PEP 586: The PEP That Barely Does Anything and Does It Badly

@beartype technically doesn't support PEP 586 yet – but it wouldn't take much to get us there. We mostly just lack motivation, because PEP 586 is mostly useless.

Why? Because PEP 586 only supports five possible types excluding None, which PEP 484 already explicitly supported five years ago:

Literal may be parameterized with literal ints, byte and unicode strings, bools, Enum values and None.

That's it. Like, who even wrote that specification? With constraints that narrow, why'd they even bother? We can't even type-check objects against complex numbers, containers, or instances of user-defined classes with that! That makes PEP 586 frustratingly inapplicable for 99.9999% of use cases.

Even using that to type-check equality against Enum members – which is really the one only valid real-world use case here – violates DRY by requiring manual relisting of all Enum members (e.g., Literal[ShapeEnum.square, ShapeEnum.circle, ShapeEnum.ellipse, ShapeEnum.triangle]).

That pains me somewhere sensitive deep inside. What happens when you add a new ShapeEnum.dodecahedron member but forget to append that member to every Literal type hint enumerating ShapeEnum littered throughout your million-line codebase?

Bad stuff, Tyler. Bad stuff happens.

We still intend to support PEP 586, because it's an annotation PEP. That's what we do here. But it's the least useful annotation PEP yet, which means it's dead last on our TODO: list.

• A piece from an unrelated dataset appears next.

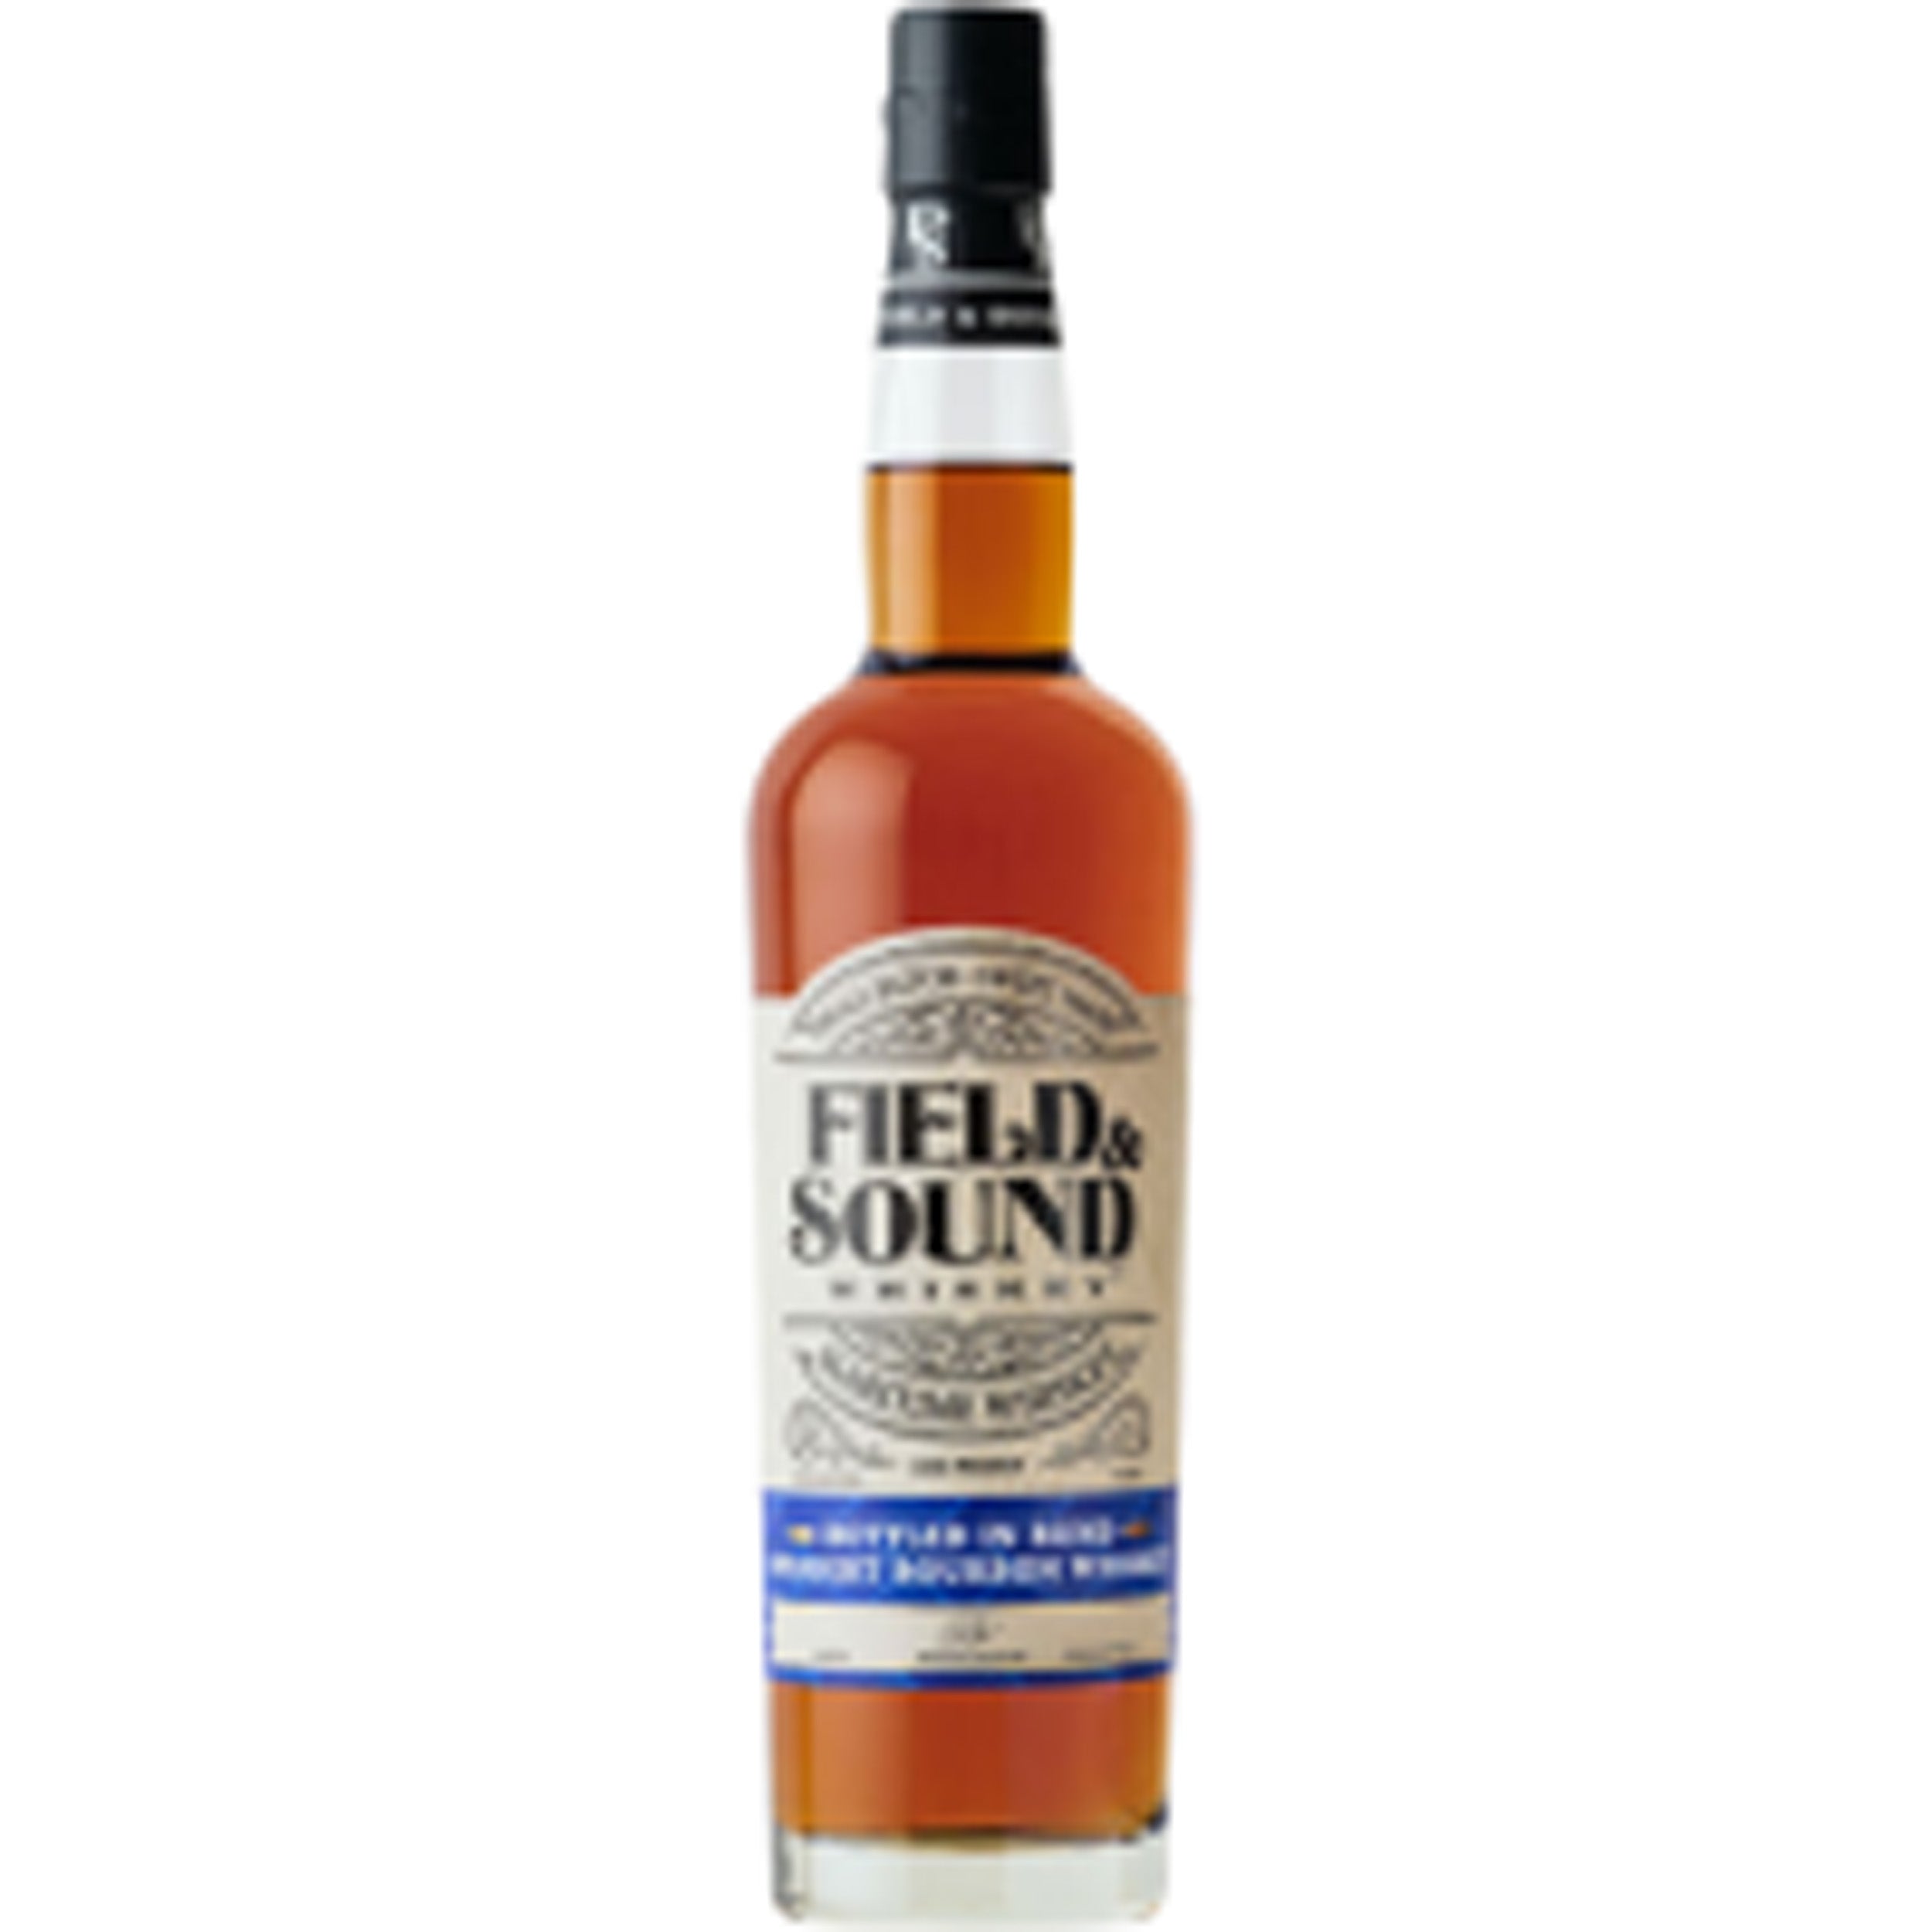 Field & Sound Batch 1 Bottled In Bond Straight Bourbon

Y U do this 2 us, Guido? 😞

leycec · 2021-03-18T04:25:10Z

Let's chat third-party validation packages. There are more than a few. Here at @beartype, we aim to please you while pleasing ourselves. We'd thus be happy to support all reasonably popular well-maintained validation packages with sane APIs, where "sane APIs" is defined here as packages that:

Provide a fast mechanism for detecting package-specific validation objects. We need to be able to detect these objects when listed as typing.Annotation arguments and we need that detection to be fast. This usually isn't a problem, because a sane API should root its object hierarchy at a public abstract base class (ABC). Given that class, we can trivially detect all validation objects produced by that package via a trivial issubclass(type_hint, ThirdPartyPackageABC). Next!
Provide a quasi-fast mechanism for validating arbitrary objects against those package-specific validation objects. This is probably the stickler. We're not necessarily mandating @beartype-style O(1) behaviour here, but it would be nice if the package in question took pains to avoid unsafe O(n) behaviour. Even if it doesn't, that could still be okay. The inefficiency of other packages isn't necessarily our concern, right? What we do need here is for that package to make it really easy to validate arbitrary objects against those package-specific validation objects. "Really easy" means that validation objects like somepackage.GreaterThan(2):
- Must define a tester method that returns booleans rather than raising exceptions when passed invalid objects. This tester should be defined as an abstract method by the aforementioned ABC, since that lets us treat validation objects generically.
- May optionally also define a validation method that raises exceptions rather than returning booleans when passed invalid objects. This is optional, because we can raise exceptions ourselves; we don't need a specific method for that, although having a specific method for that would help us raise human-readable exceptions.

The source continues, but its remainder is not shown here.